Oh, I do plenty of other things. My friend D.A. Powell puts it this way: “I’m trying not to write.” I think what he means is that, with poetry especially, writing is a more-or-less safe place to act out one’s fantasies. The fantasy that one can live for ever, for example, or the fantasy of blamelessness, that all one’s problems have been created by outside forces. Don’t get me wrong: writing, when it’s going really well, is my number one favourite thing to do. When it’s not going well, which is really quite often, I start wishing I knew how to carve wood, or analyse the stock market, or make blockbuster movies from home.
10. What would you say to someone who asked you “How do you become a writer?”

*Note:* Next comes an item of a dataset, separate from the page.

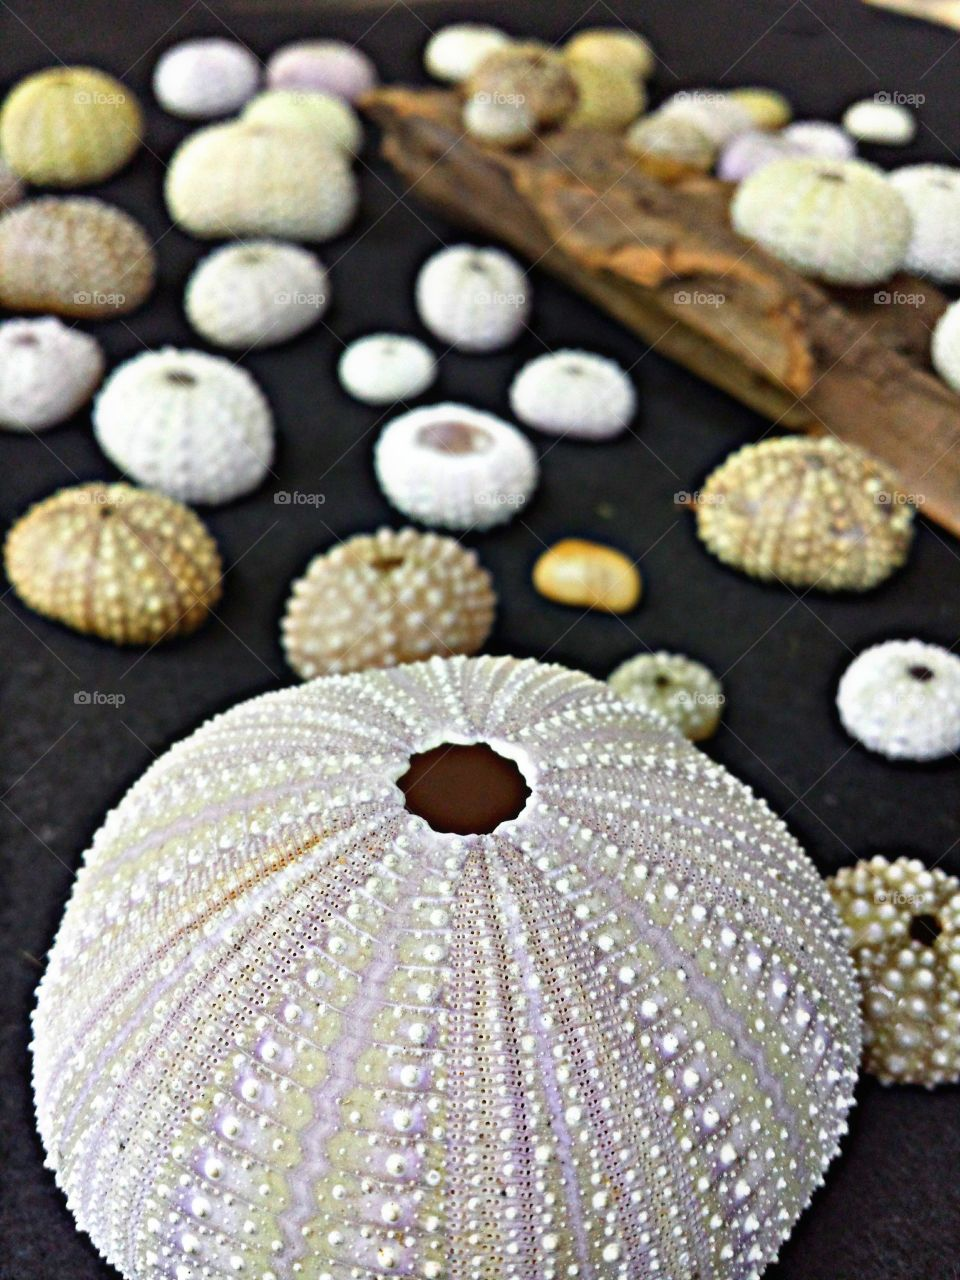 Close-up of sea urchin

If you can avoid becoming one, consider yourself lucky.
11. Tell me about the writing projects you have on at the moment.
My first book, How to Be Better by Being Worse, is out from BOA Editions, Ltd., in April 2021. You may now pre-order it on Amazon.com. I’m working on a series of epigrams, as well as a collection of craft essays. I’ve done a fair amount of teaching, and I’ve noticed how often I repeat myself about certain things, that I’ve decided to write those things down.
2 thoughts on “Wombwell Rainbow Interviews: Justin Jannise”
Thank you for interviewing Justin Jannise. He is one of the better writing teachers that I have had. Remain well during this pandemic.
You’re more than welcome, Lisa. Tell me more about your writing so far.